◆ TASK OBJECTIVE ◆
All of the data that follows should be given again exactly, without its images.

◆ SUPPLIED INFORMATION ◆
-.-.-

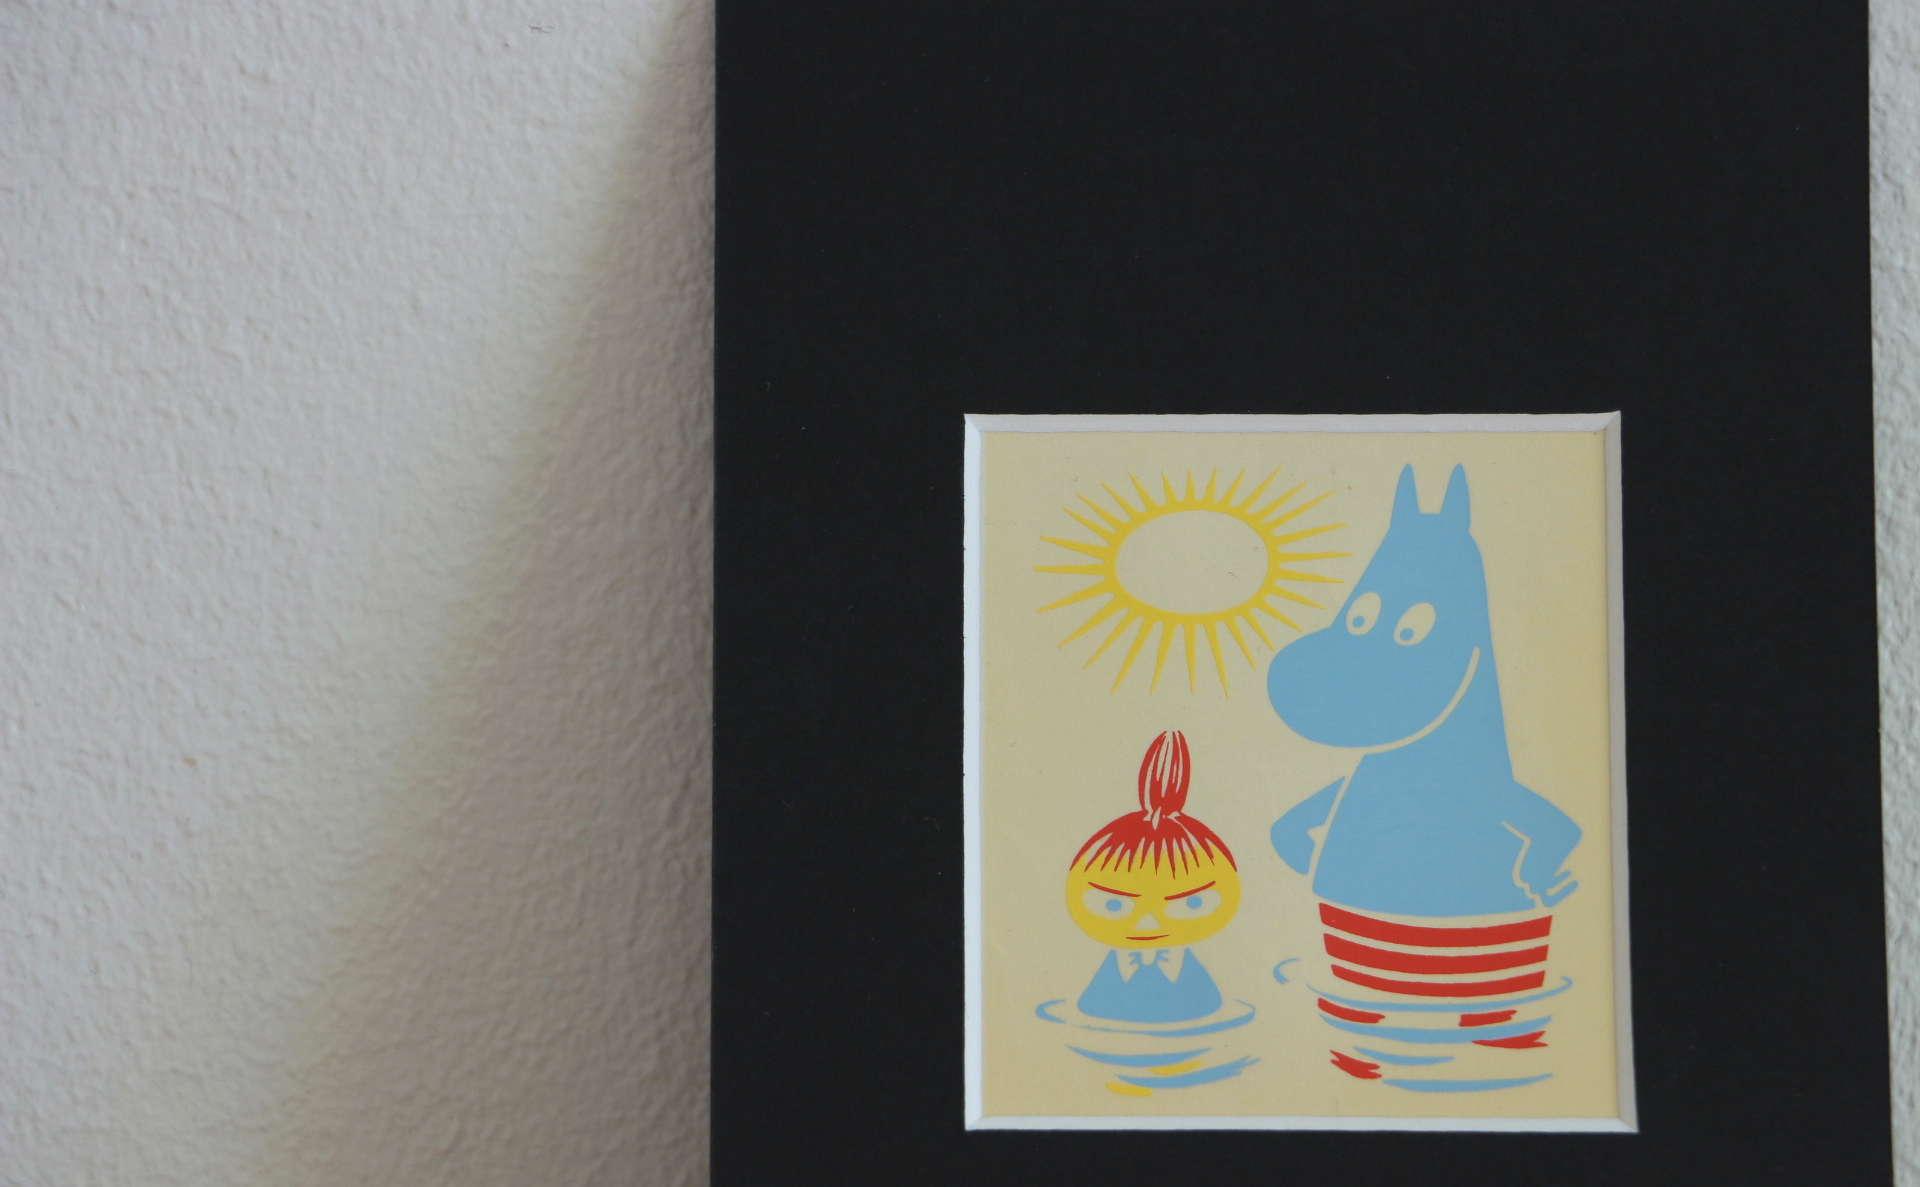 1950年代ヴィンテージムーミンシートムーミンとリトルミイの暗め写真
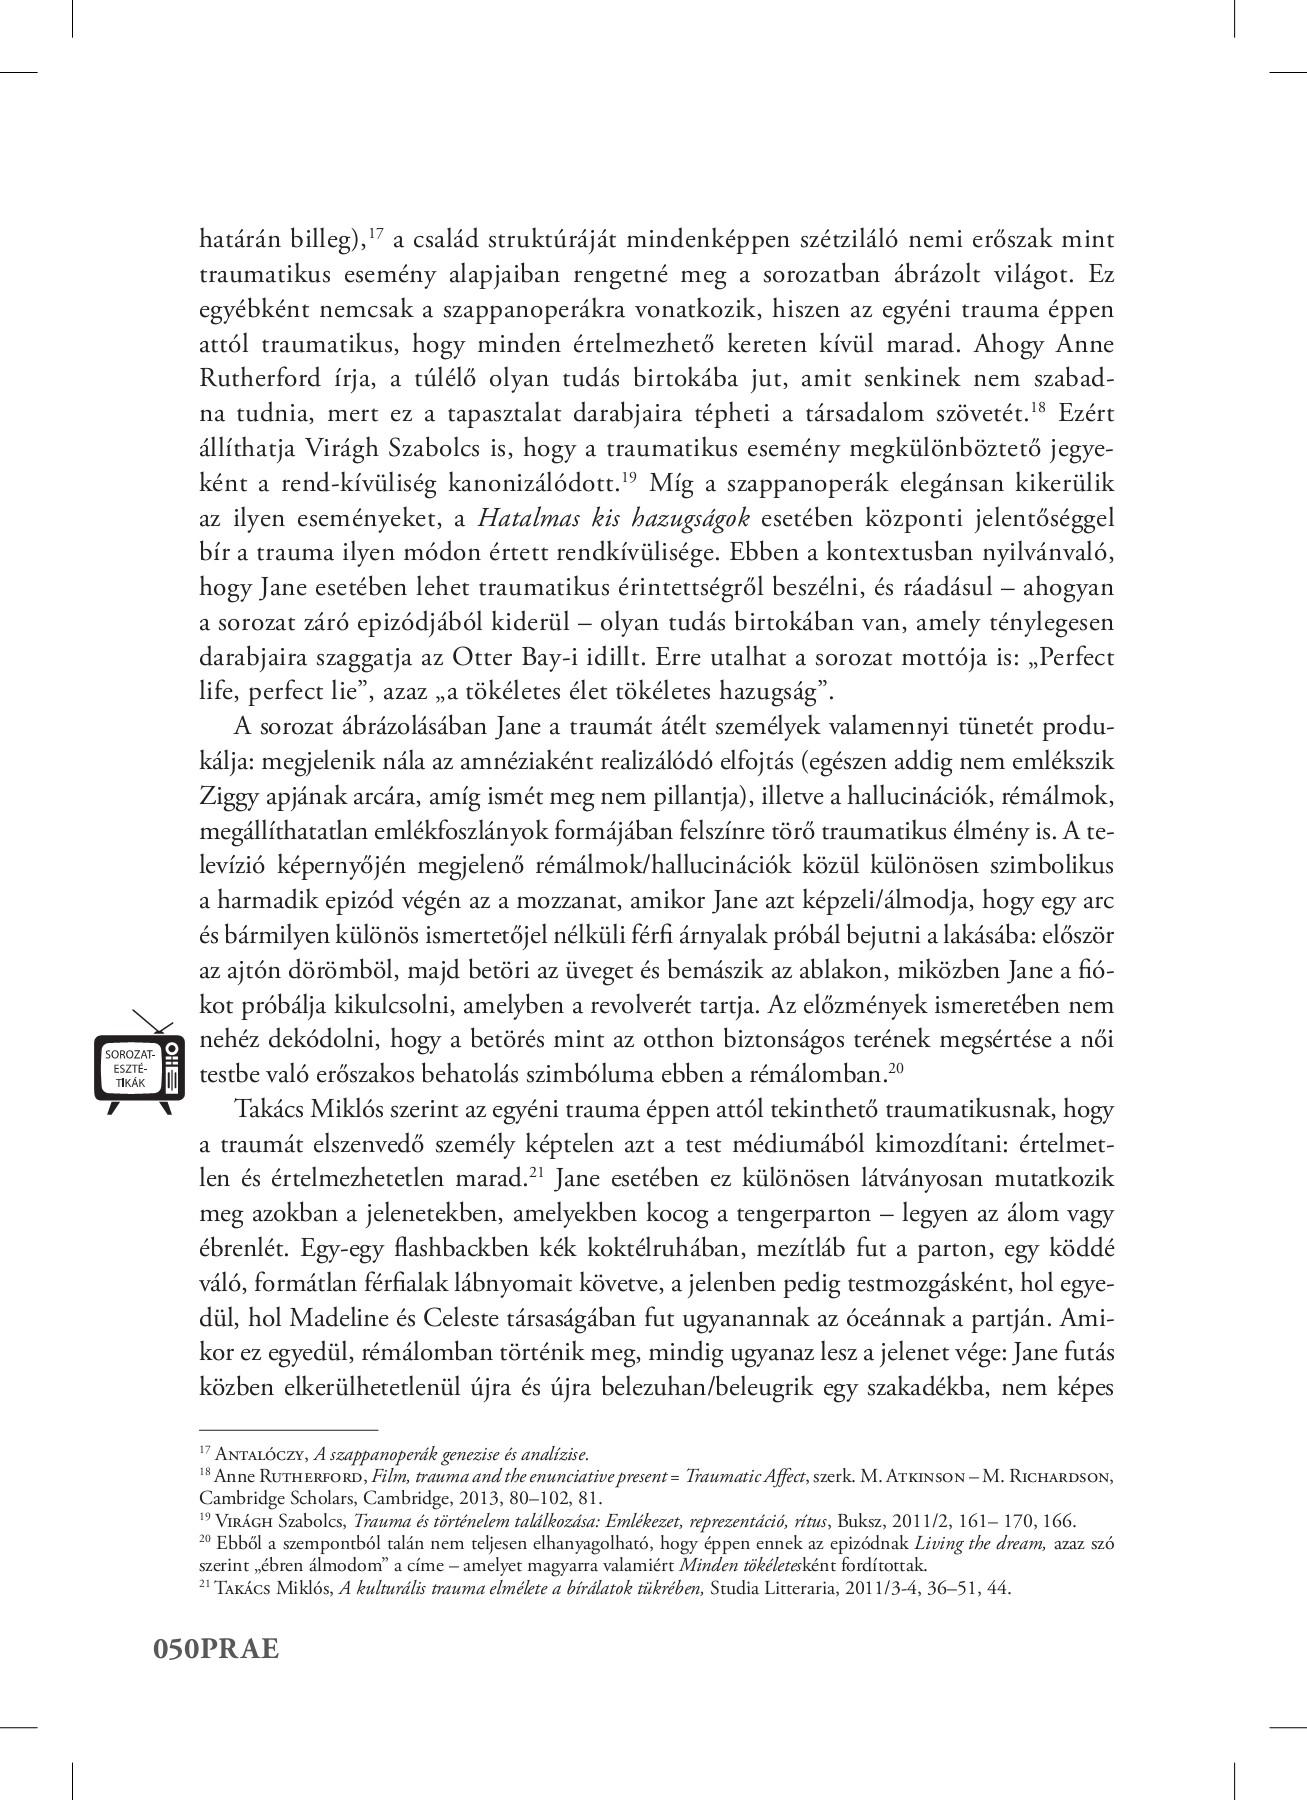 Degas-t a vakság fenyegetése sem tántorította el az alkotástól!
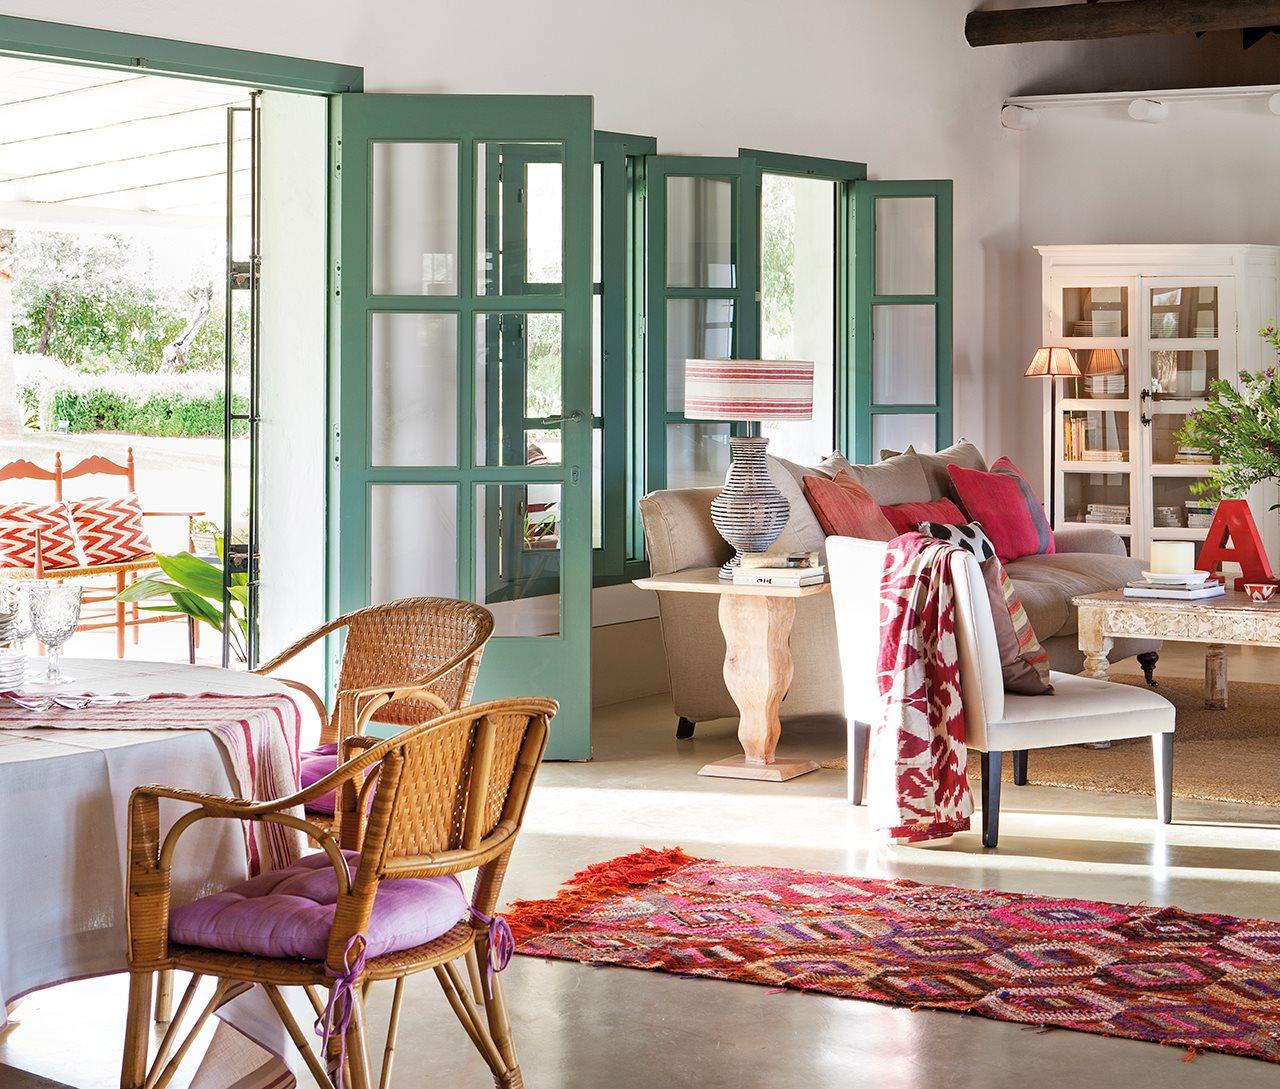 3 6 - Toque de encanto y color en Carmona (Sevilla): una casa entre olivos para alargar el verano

-.-.-

◆ YOUR RESPONSE ◆
 1950年代ヴィンテージムーミンシートムーミンとリトルミイの暗め写真
 Degas-t a vakság fenyegetése sem tántorította el az alkotástól!
 3 6 - Toque de encanto y color en Carmona (Sevilla): una casa entre olivos para alargar el verano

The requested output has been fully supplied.